Easy and quick ‘preview’ of your files. Look through a Pleadings folder with Finder in either QuickLook or CoverFlow mode and it’s like your are thumbing through the actual Pleadings index, only you can arrange it by date, pleading title or file type.

An ‘inbox’ so you can see what came in the mail today, or what work was done by staff, without leaving your desk or asking anyone. Look back at the Finder image above and you’ll see a red oval at the bottom left of the window. This highlights saved searches which are set up to display (1) All new PDF files in the last month, sorted by newest to oldest and (2) All new files in the last month, sorted newest to oldest. By clicking on that Clients PDF Only saved search/Smart Folder, you get to see all mail which came in today because we know it was scanned as a PDF. Clicking on the Client All saved search, we can see all new documents (PDF, JPEG, PAGES, DOC, ODF) and know what’s been going on and whether that letter we asked the secretary to ask has been started, not to mention instantly preview by hitting the space bar and seeing how far it has progressed.

The Advanced Course.

Integrate a sync program, such as SugarSync, FolderShare or Dropbox and you get to have your files update directly to your computer where ever you may roam. As an added benefit, you get offsite data backup.

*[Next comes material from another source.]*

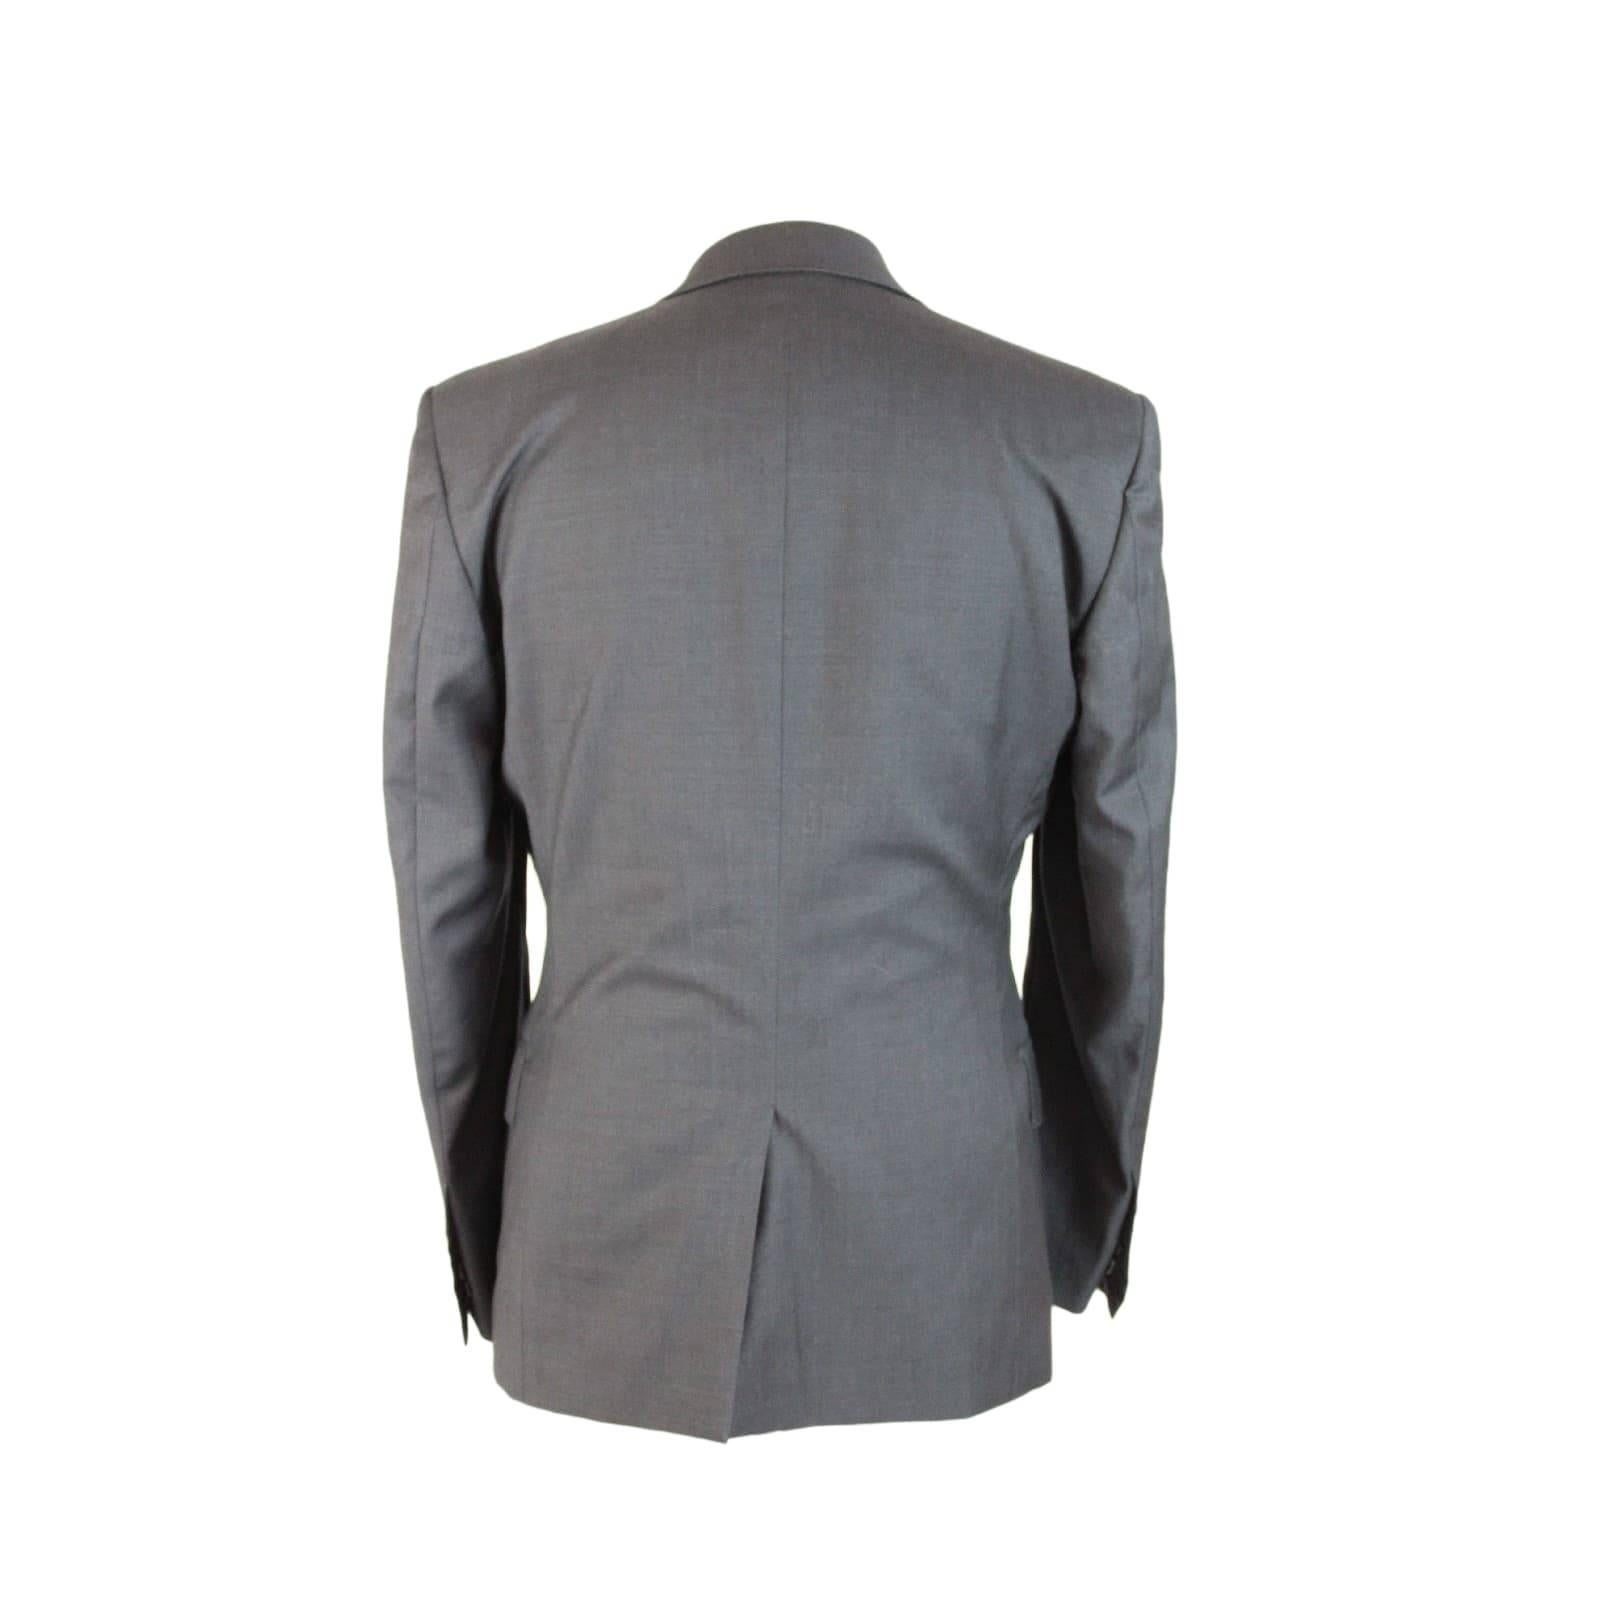 Gray Pierre Balmain gray suit jacket wool pants trousers blazer men’s size 48 it For Sale

Use color labels and Spotlight tags. Documents in my pleadings folders tend to breakdown into two major categories, Discovery and Motions/Memoranda. Discovery gets labelled red and tagged Discovery, Motions/Memoranda get labelled orange and tagged Motions. You can accelerate the process by using Hazel to autotag documents according to color label, or vice versa, or to tag/label all new documents with a specific color until ‘opened’ for the first time. For an advanced search, open Leap and get yourself sorted across multiple client/closed folders by filtering according to the tag/label/date or whatever else you desire.

Shortcuts Make It Flow.

A few Finder shortcuts to make this all work better. The combination of pressing Command key and 1, 2, 3, 4 switches the views of Finder from Icon, List, Column, CoverFlow respectively. Hitting the Spacebar while any file is selected (blue) pops up QuickLook for the file. In List view, Command>Arrow moves up and down through the folders. Add a Client shortcut to the top of the Finder window for quick access. That’s all for now, and remember it’s always a work in progress which can shift and reshape as you need to fit your practice.